The classification call uses Claude Haiku 4.5 at sub-cent costs to route the query to 2–4 relevant data sources instead of fanning out across 15–20. For a workspace with 20 data sources and 500 daily queries, this pre-routing eliminates 80–90% of retrieval fan-out. The max_sources=6 cap prevents a broad query like "summarize everything about our Q3 strategy" from routing to all sources simultaneously — it forces prioritization.
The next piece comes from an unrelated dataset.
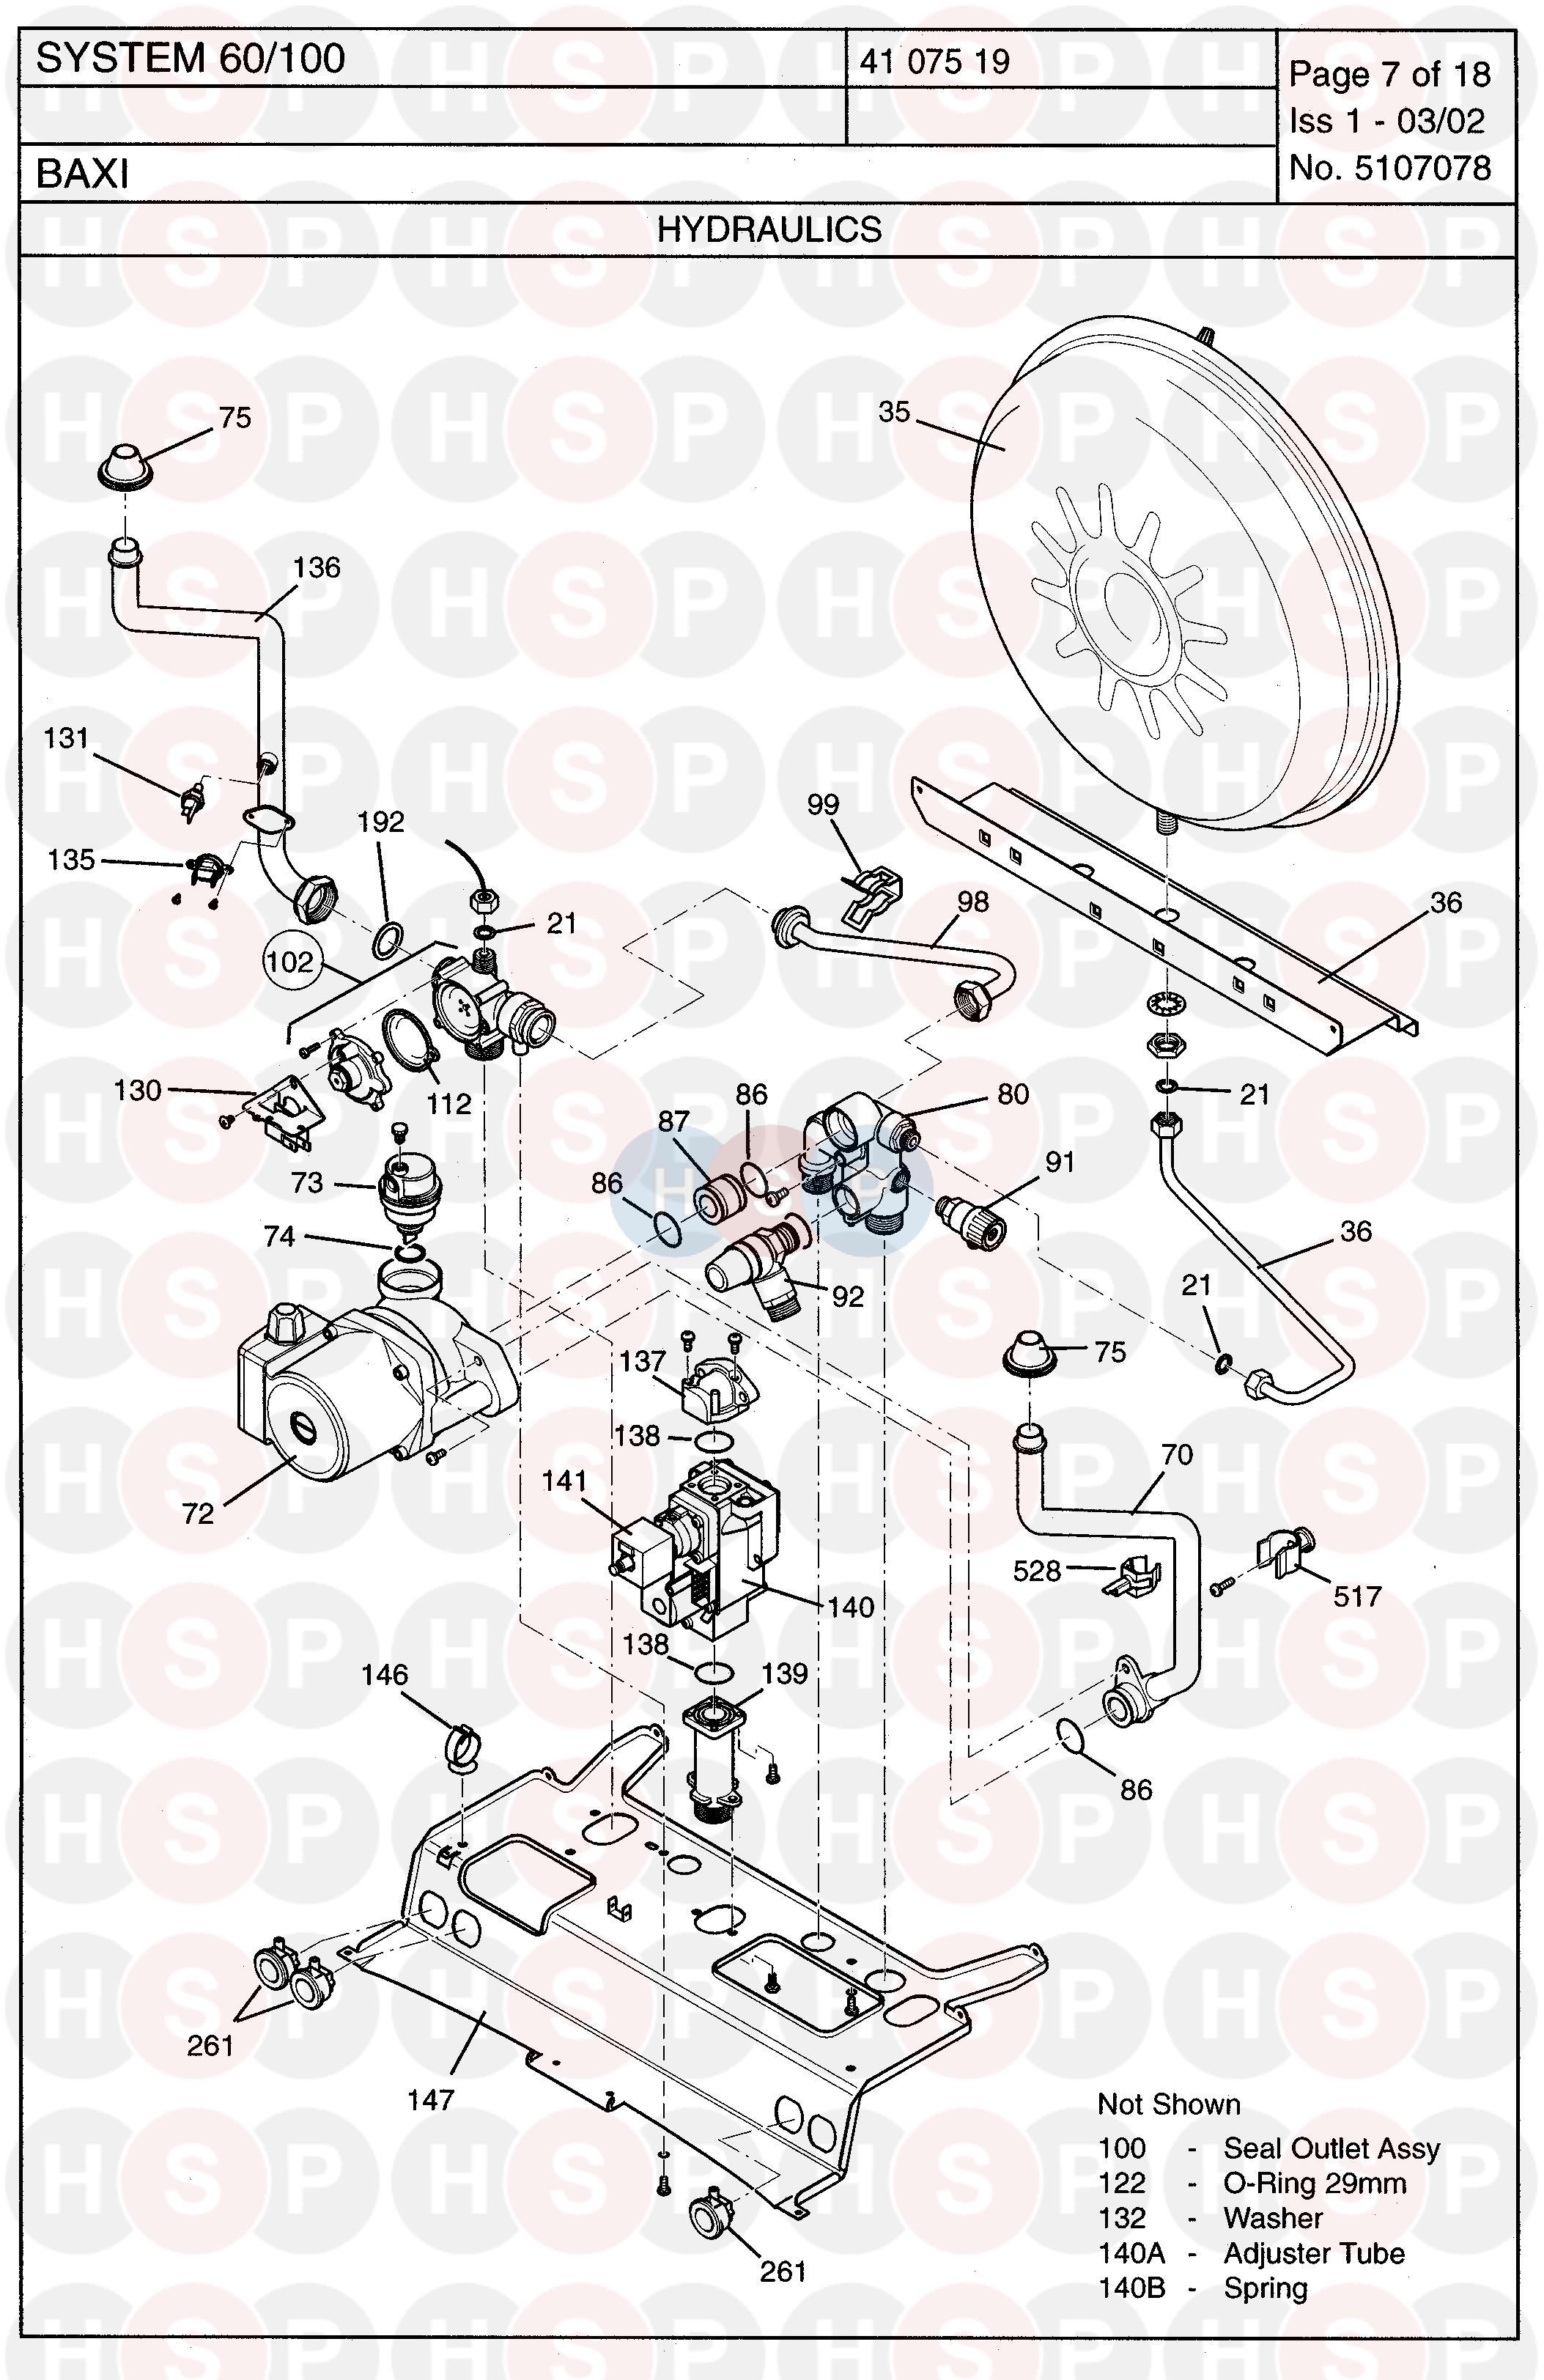 Megaflow wiring diagram y plan nos engine diagram main wiring megaflo unvented cylinder wiring diagram life style by imagehandler megaflo unvented cylinder wiring diagram megaflow wiring diagram y plan asfbconference2016 Choice Image

The data source map is the key artifact to maintain. It should reflect how your team actually organizes knowledge, not an aspirational taxonomy. If engineers actually use Slack more than Notion for technical decisions, the engineering domain should weight slack-engineering higher. Wrong routing is worse than fan-out if it misses the one source where the answer lives — calibrate the map against 50–100 real queries before deploying.

Failure mode 2: retrieval reformulation loop

When a user's question does not match the indexed content in the configured data sources, Dust's assistant sees low-relevance retrieved chunks. The LLM's response to low-quality retrieval is to reformulate its search internally and try again — refining query terms, changing the search angle, or trying different keywords. Each reformulation triggers another round of embedding calls and similarity searches across the connected sources. For topics genuinely absent from the corpus — a question about a product decision made before documents were indexed, or a question about a domain the workspace hasn't added yet — this produces a reformulation loop that charges for 3–6 retrieval round-trips without improving the result quality.

The reformulation pattern is subtle because it is not visible in Dust's standard usage logs as a distinct event type. What appears in the logs is a single conversation turn with unusually high token consumption — the overhead of multiple retrieval passes is absorbed into the per-message cost without a clear attribution. Teams notice it as "some queries are much more expensive than others" without a clear cause until they instrument the embedding call count per conversation turn.

Python — retrieval quality monitor to detect reformulation loops
from runguard import LoopDetector, LoopDetectedError
import time

class DustRetrievalQualityGuard:
    """
    Monitors retrieval similarity scores across reformulation attempts.
    Trips circuit breaker when consecutive low-quality results indicate
    the topic is absent from indexed data sources.
    """

    # Below this similarity score = "not in corpus"
    MIN_USEFUL_SIMILARITY = 0.40

    def __init__(
        self,
        max_low_quality_attempts: int = 3,
        window_seconds: int = 60,
    ):
        self._detector = LoopDetector(
            max_consecutive=max_low_quality_attempts,
            window_seconds=window_seconds,
        )
        self._attempt_count = 0
        self._start_time = time.monotonic()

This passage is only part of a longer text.